● DATA EXTRACT
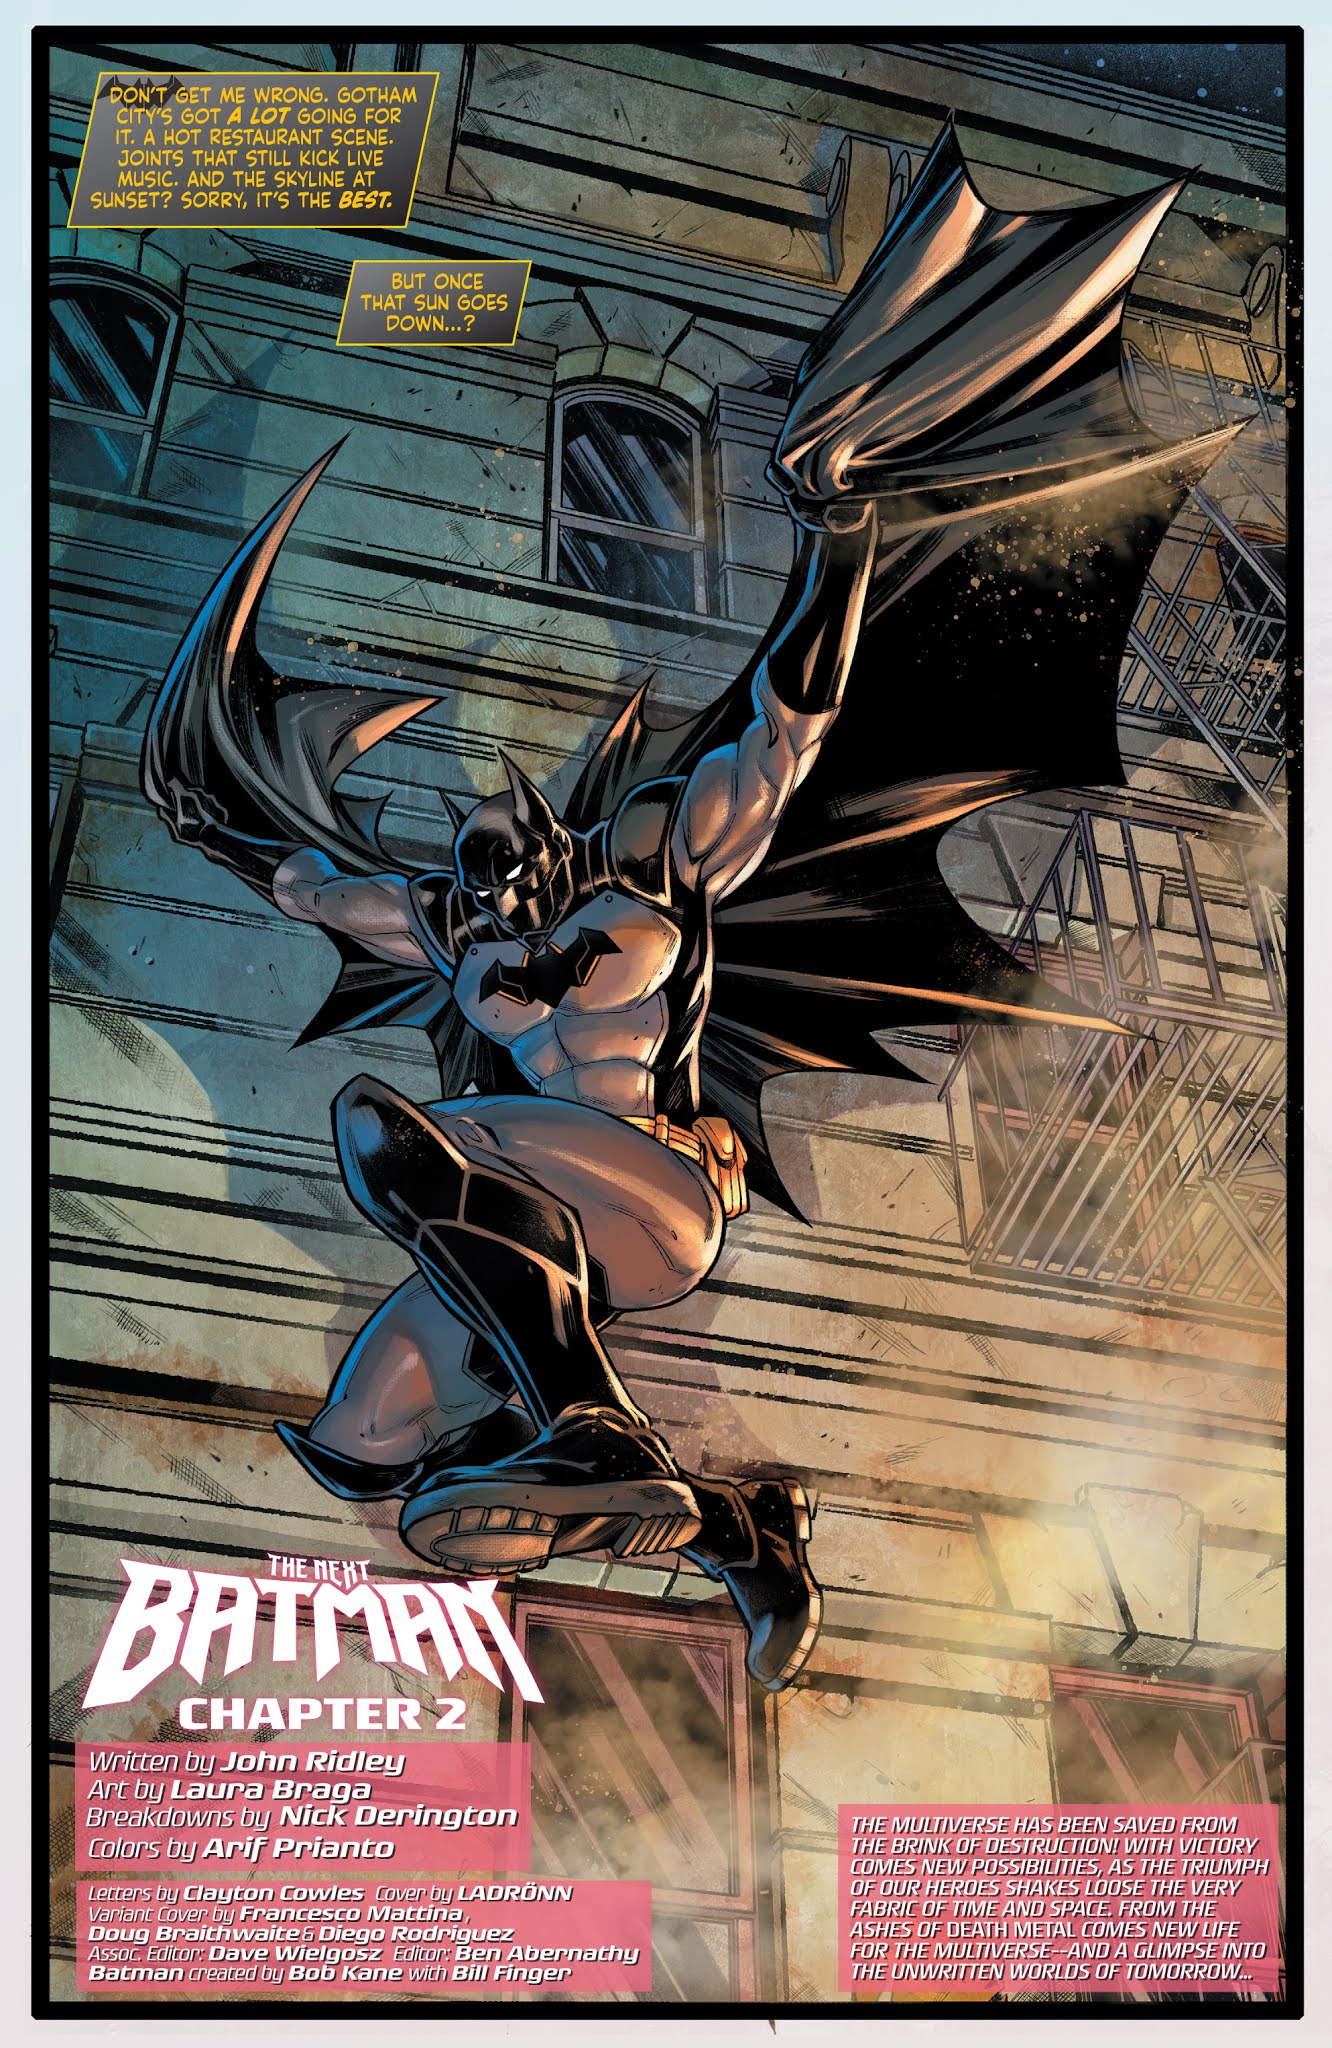 Weird Science DC Comics: PREVIEW: Future State: The Next Batman #2
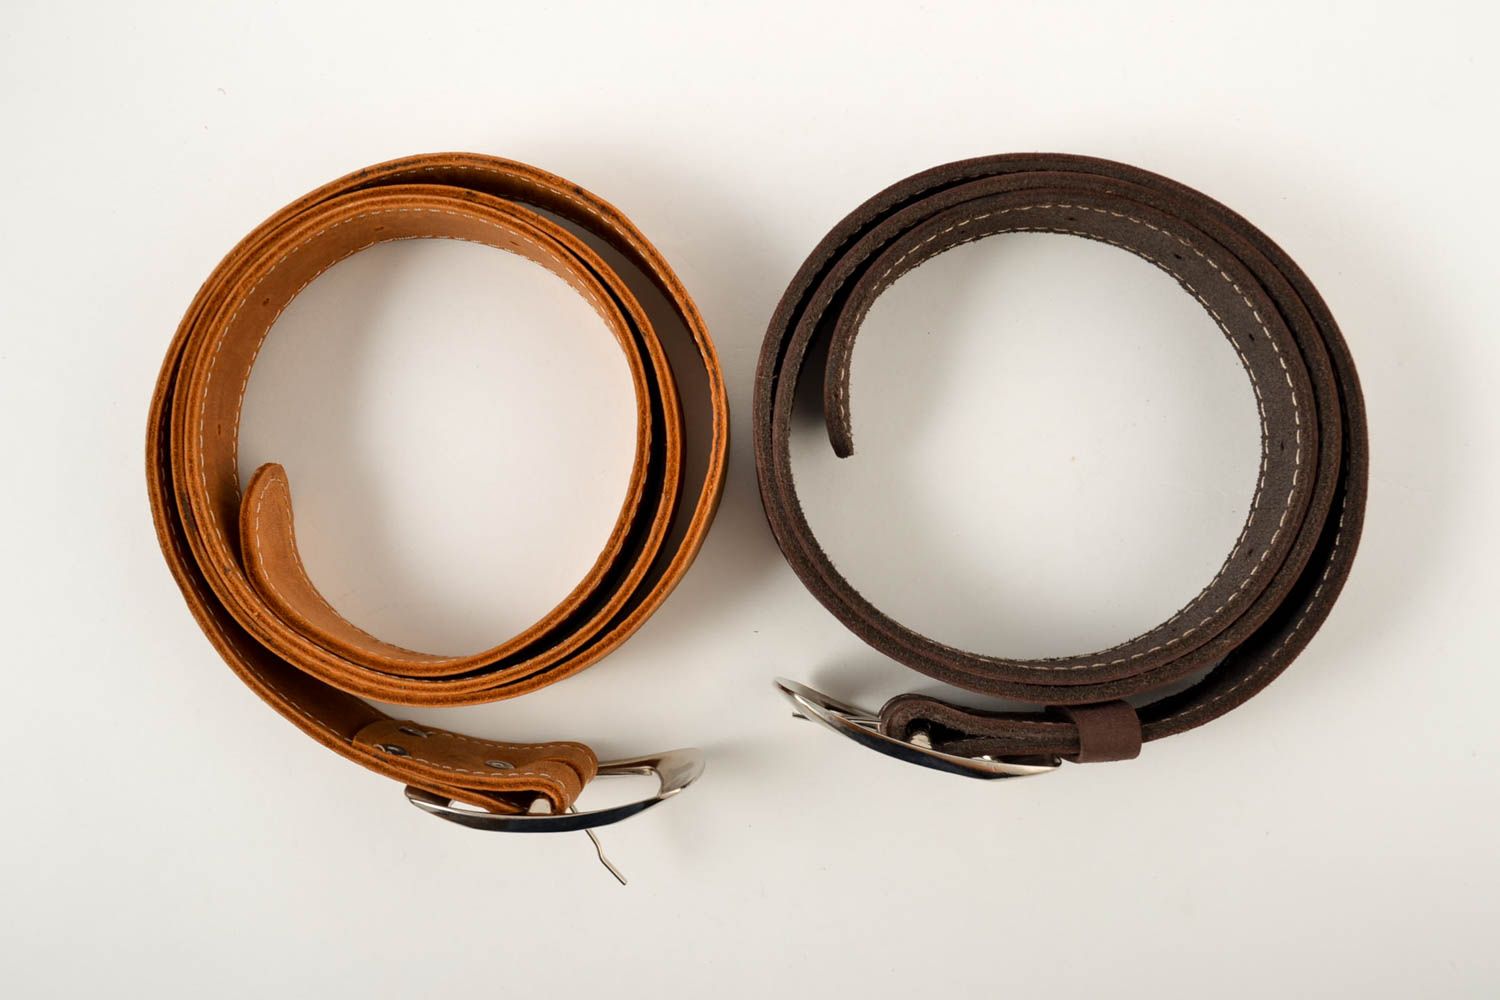 Handmade leather belts 2 designer belts for men leather goods gift for boyfriend photo 2
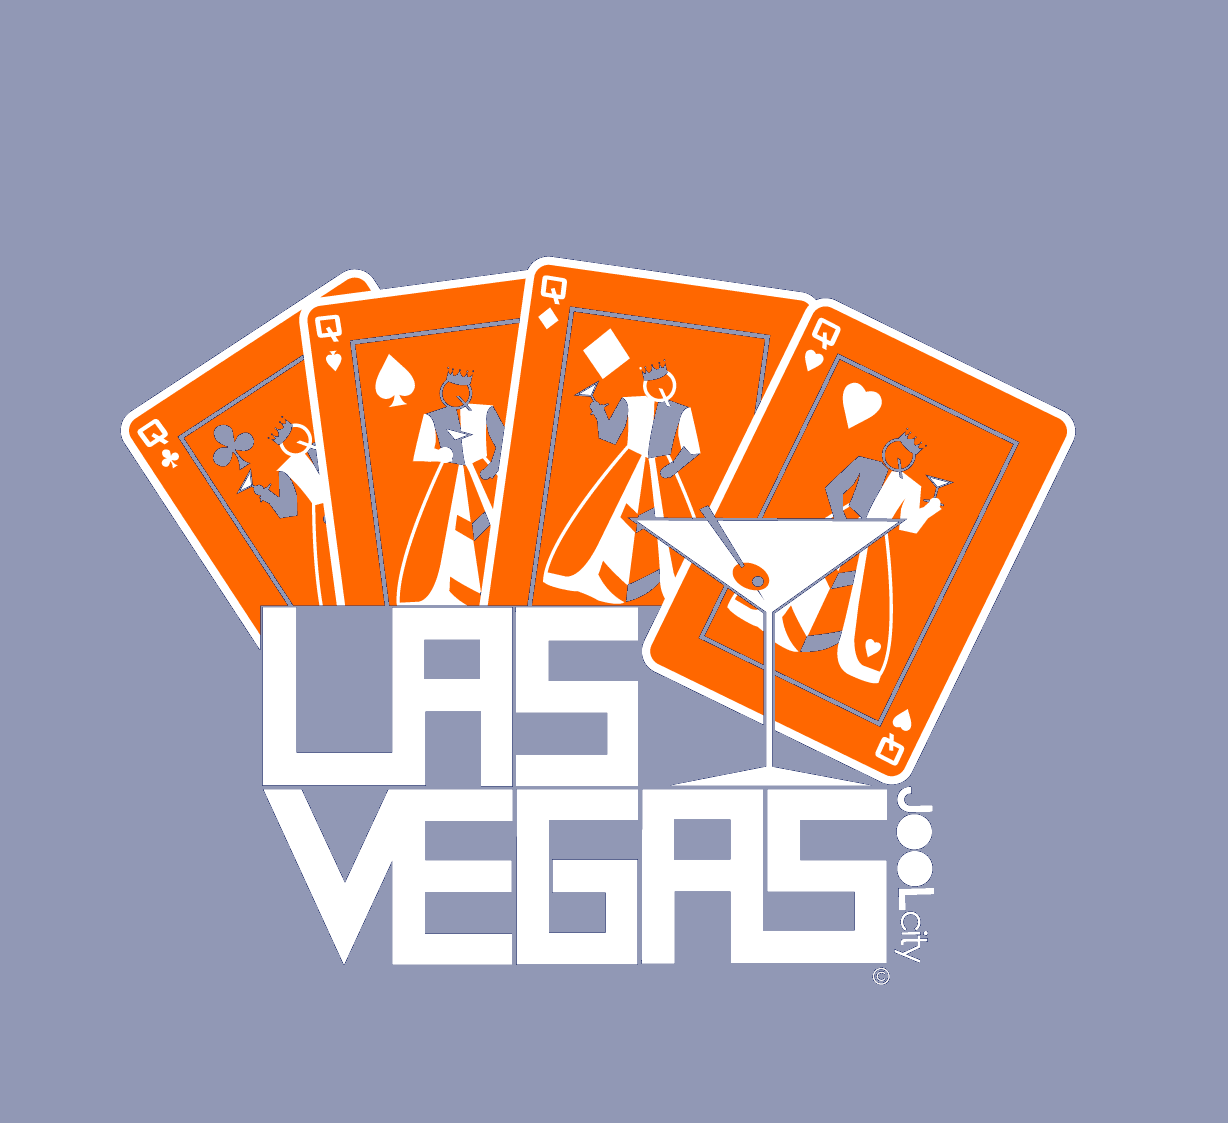 Las Vegas Card Shark Baby Onesie designed by JOOLcity

● ASSIGNMENT
Write out the material above once more, exactly as it reads, with no pictures.

● SOLUTION TO THE EXERCISE
 Weird Science DC Comics: PREVIEW: Future State: The Next Batman #2
 Handmade leather belts 2 designer belts for men leather goods gift for boyfriend photo 2
 Las Vegas Card Shark Baby Onesie designed by JOOLcity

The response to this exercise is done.